FOLLOW-UP QUESTIONS (they always have them):
- Answer within 24 hours (not 3 days)
- If unsure, get the answer from your team in 12 hours
- One email per response, not multiple back-and-forth (shows organization)
THE FATAL MISTAKES:
- Stop talking to the champion during RFP
- RFP is happening, you go silent, champion doesn't advocate
- Keep the conversation going: "How is RFP going? Any questions?"
- Make the RFP the deal
- RFP ≠ decision. Decision happens before RFP is done.
- By the time they send RFP, champion should already be leaning toward you.
- If they send RFP and you don't have champion buy-in, you're behind.
- Over-answer questions
- They ask "Do you support X?"
- You give 3 pages of explanation
- They wanted: "Yes, supported since version 2.1."
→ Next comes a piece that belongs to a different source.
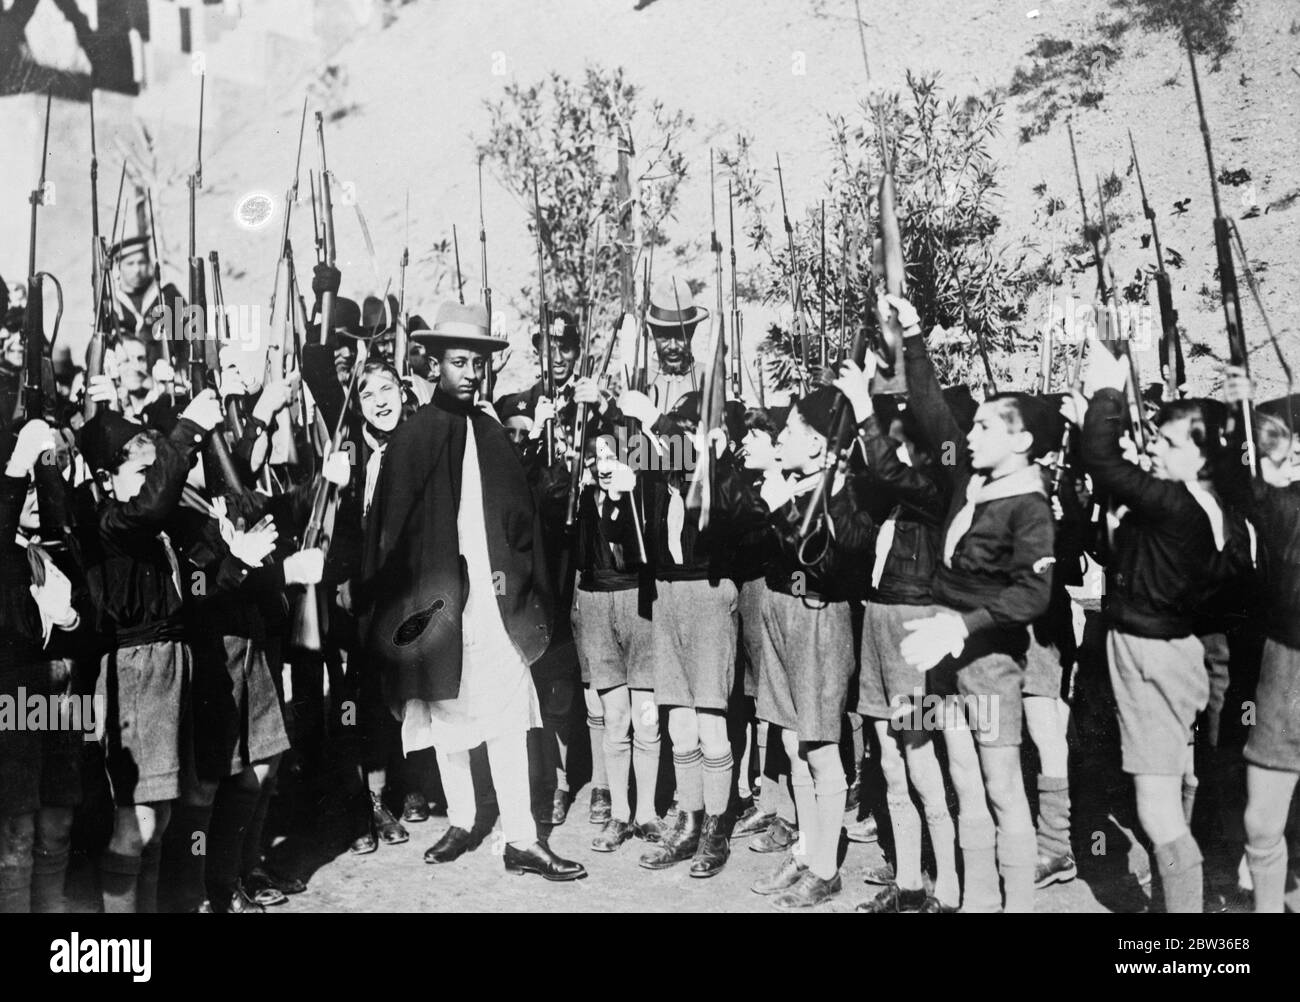 Kronprinz von Äthiopien Asfa Wossen von jungen Faschisten begrüßt. Junge Faschisten begrüßen den Kronprinzen von Äthiopien, als er während seines Aufenthalts in Rom ihre Ausbildungsräume in Balilla besuchte. 28. Januar 1932 Stockfoto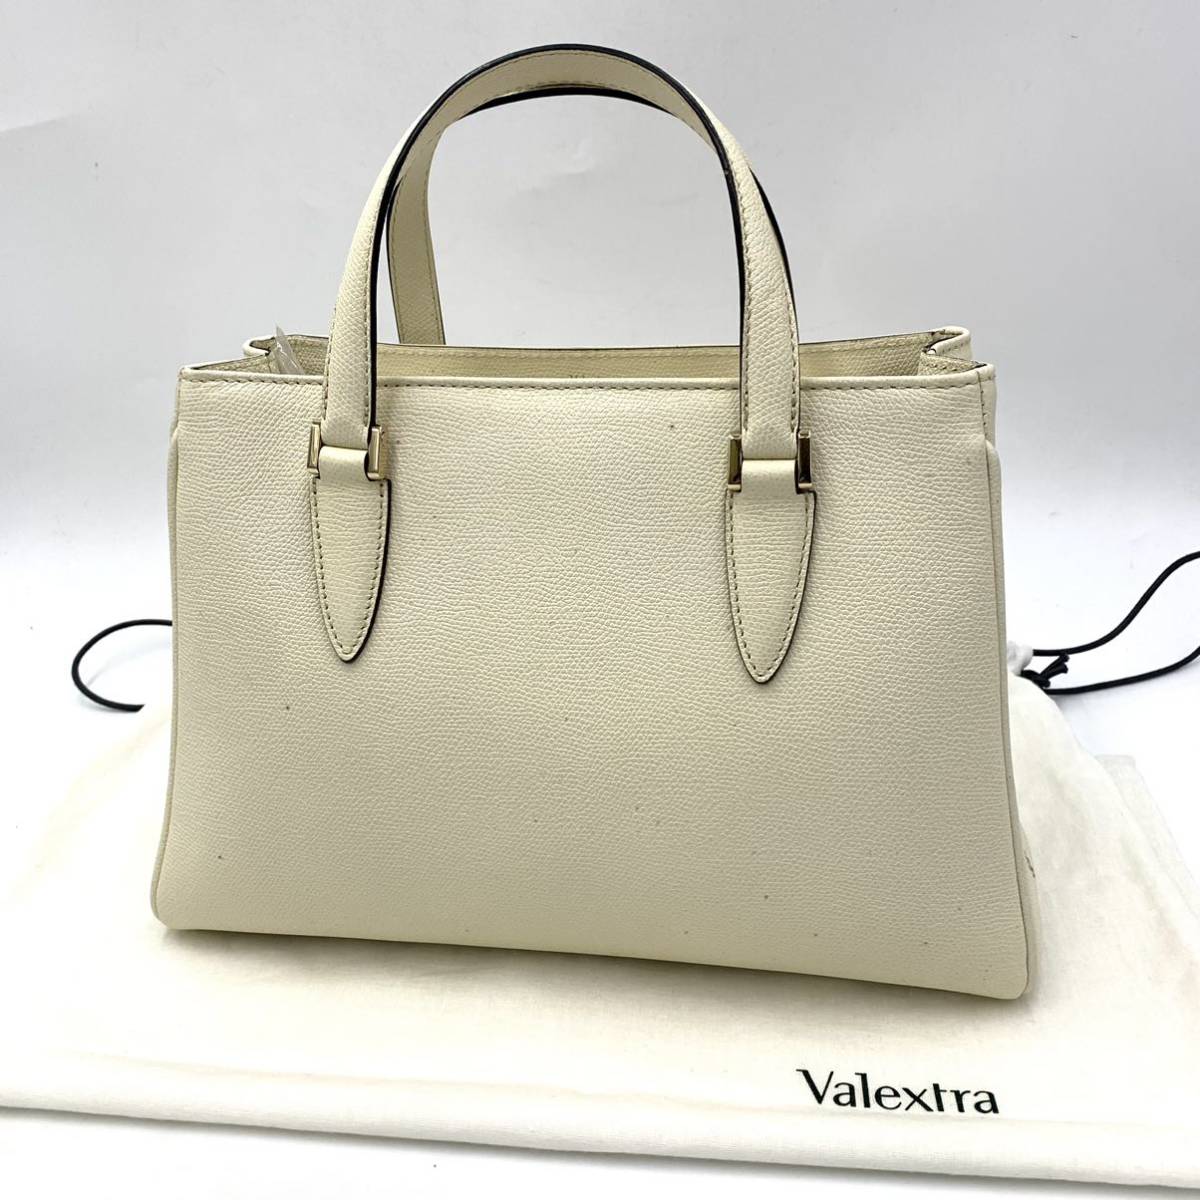 ☆ 至高の一品 'イタリア製' Valextra ヴァレクストラ N 377742 本革 レザー ハンドバッグ 手提げ トートバッグ アイボリー 高級婦人鞄

- Ignore the other vendors
- RFP context matters. "vs. Salesforce" is different than "vs. Pipedrive"
- Ask the champion: "Who else are you looking at?"
- Tailor your RFP position accordingly
RFP DECISION RULES:
- If champion is strong → you win (80%+ of the time)
- If champion is weak → RFP becomes the decision, you need to be clearly better
- If 3+ vendors score similarly on RFP → champion breaks the tie
EXAMPLE: WINNING AN RFP
- Week 1: Champion tells you they're sending RFP
- Week 1-2: You answer RFP thoughtfully
- Week 2-4: Keep champion conversations going ("How is review going?")
- Week 4: Procurement has questions, you answer in 24 hours
- Week 5-6: Champion advocates internally ("I recommend we move forward with [you]")
- Week 7: Procurement confirms, deal closes
EXAMPLE: LOSING AN RFP
- Week 1: Champion tells you RFP is coming
- Week 2-4: You submit RFP, then go silent
- Week 4-6: Procurement is reading; you don't talk to champion
- Week 6: Procurement is leaning toward [Competitor]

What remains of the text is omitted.